Step 2: Accuracy percentage

The WCAG 2.1 AA requirement for caption accuracy is interpreted under DCMP Captioning Key as a maximum WER of 1.0%, which corresponds to an accuracy of 99.0% or higher. A WER of 1.0% on a 10-minute sample with 1,400 reference words means 14 errors or fewer total (across substitutions, deletions, insertions, and timing errors combined).

Handling timing errors in the formula

Timing errors counted during the sample scoring session are added to the total error count (S + D + I + T) in the numerator, where T is the number of timing events exceeding the 2-second synchronisation threshold. Each timing event counts as 1 toward the numerator, regardless of the number of words in the affected caption block.
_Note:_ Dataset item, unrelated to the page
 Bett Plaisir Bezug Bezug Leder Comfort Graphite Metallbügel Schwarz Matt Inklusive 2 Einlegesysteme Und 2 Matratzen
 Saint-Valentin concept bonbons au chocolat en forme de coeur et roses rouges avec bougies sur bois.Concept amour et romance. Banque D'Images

In practice, for well-produced professional captioning output, timing errors are rare. They are most common in auto-generated captions from LMS-native engines with poor audio pre-processing, in live-caption archives that have been post-processed without timing correction, and in format conversions (SRT to TTML, for example) where the conversion script introduced a systematic offset.

Worked example: calculating error rate on a 10-minute compliance module

The following example walks through a complete calculation on a fictional 10-minute HIPAA compliance training module. The figures are representative of what a mid-range professional captioning service without a domain-specific glossary would produce on healthcare compliance content.

Setup

Content: 10-minute HIPAA Privacy Rule training module for a hospital system’s nursing staff onboarding programme. Audio quality: standard conference-room recording, single speaker (female, regional US accent), minimal background noise, medium pacing.
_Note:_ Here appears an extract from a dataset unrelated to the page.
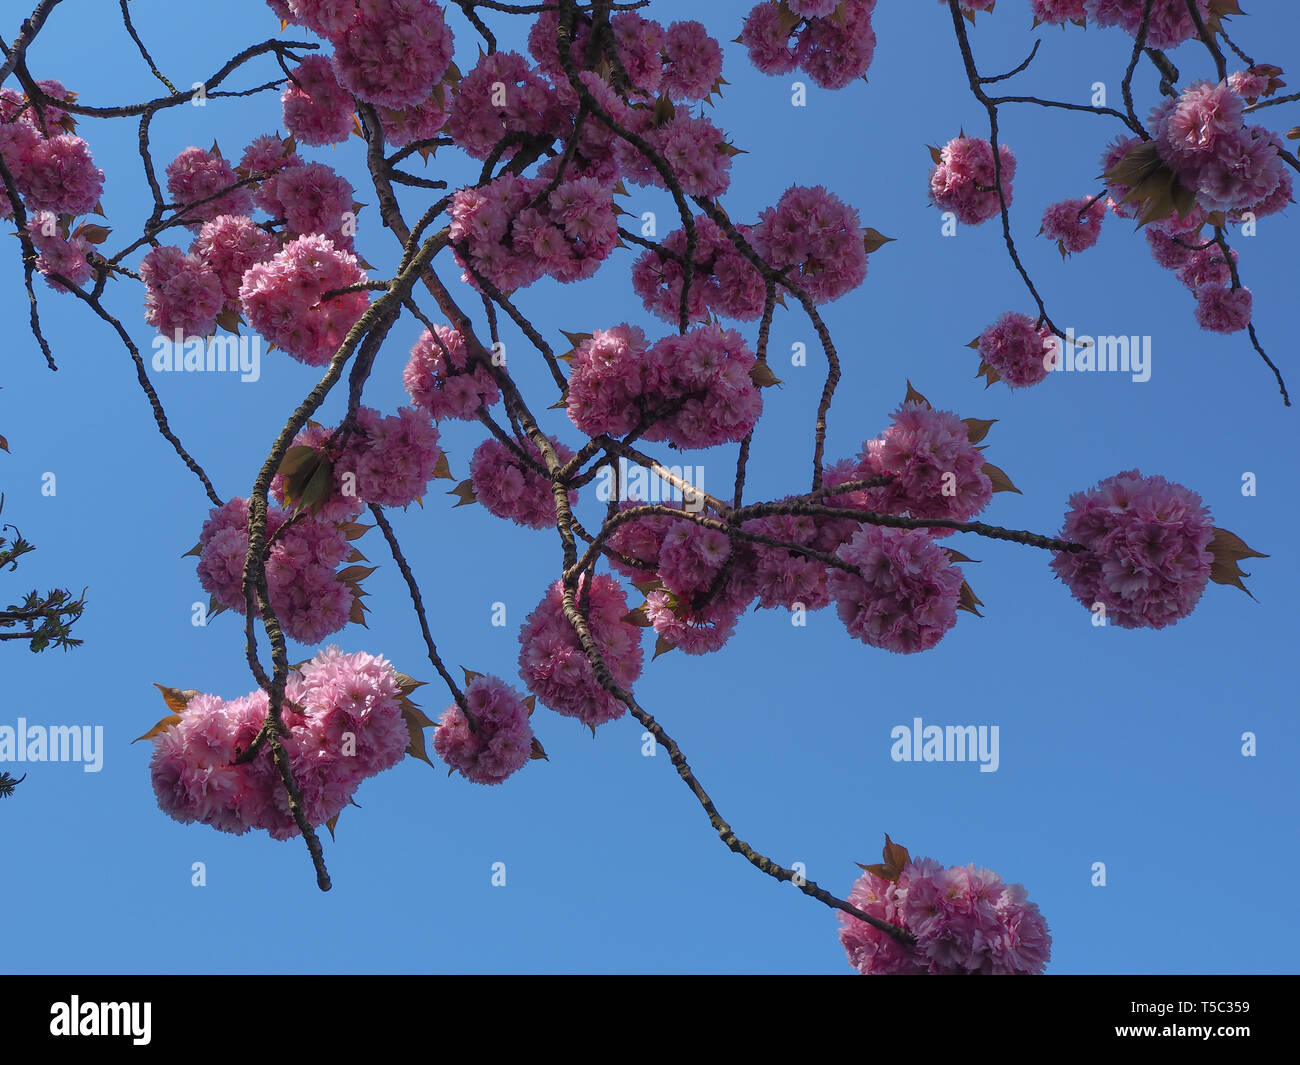 Di un bel colore rosa ciliegio sbocciare sui rami visto da sotto con un cielo azzurro sullo sfondo Foto Stock

Reference transcript word count (N): 1,380 words. (10-minute modules at medium pacing typically run 1,200–1,600 words depending on the presenter’s delivery rate and pause frequency.)

Error tally

Calculation

WER = (18 + 7 + 3 + 1) / 1,380 × 100 = 29 / 1,380 × 100 = 2.10%

Accuracy = 100 − 2.10 = 97.90%

Interpretation

This result (97.90%) is below the WCAG 2.1 AA threshold of 99.0%. A caption track at this accuracy level on a HIPAA compliance module requires correction before publication if the organisation’s compliance programme mandates 99% DCMP accuracy. The error count of 29 over a 10-minute module means a learner will encounter approximately 4 errors per minute on average — a rate that DCMP research has found sufficient to disrupt comprehension for viewers who rely on captions as their primary means of access.

At the DCMP correction rate of 4× real-time (a trained reviewer spending 40 minutes correcting a 10-minute track), the correction labour cost for this module at an L&D coordinator fully-loaded rate of $45/hour is $30. The hidden half-FTE cost post documents how this correction labour accumulates across a library of 300 modules and why organisations that treat auto-generated captions as “close enough” absorb more labour cost than the cost of a professional service that delivers at 99%.
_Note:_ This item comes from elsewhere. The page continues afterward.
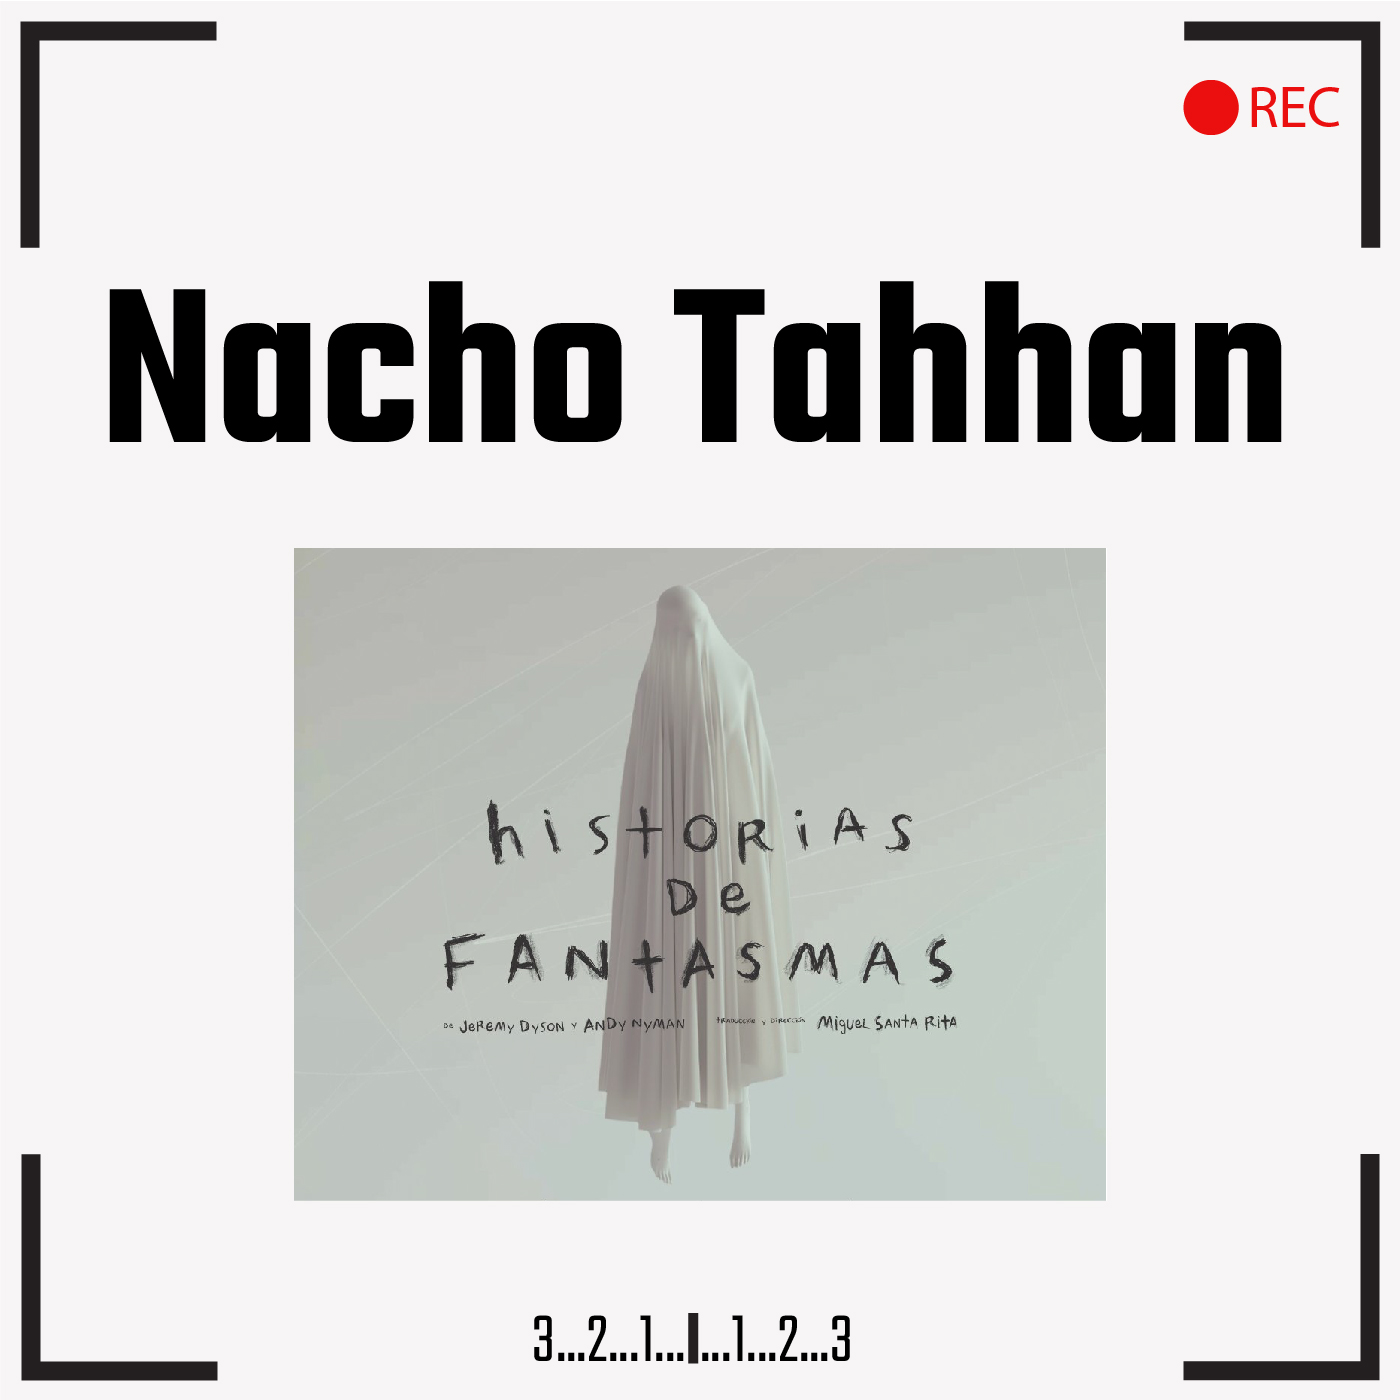 Nacho Tahhan/“Historias de fantasmas”

The two high-severity deletion errors in this example — the missing “not” and the missing “only” — are separately significant. Both create negation reversals in regulatory obligation statements. A learner accessing the module through captions who reads “PHI may be disclosed for treatment purposes” instead of “PHI may be disclosed only for treatment purposes” receives a factually incorrect statement about a regulatory obligation. This category of error — word deletion in a regulatory obligation sentence — is not merely a quality issue but a potential liability documentation failure if the organisation uses caption-based access as evidence of training completion.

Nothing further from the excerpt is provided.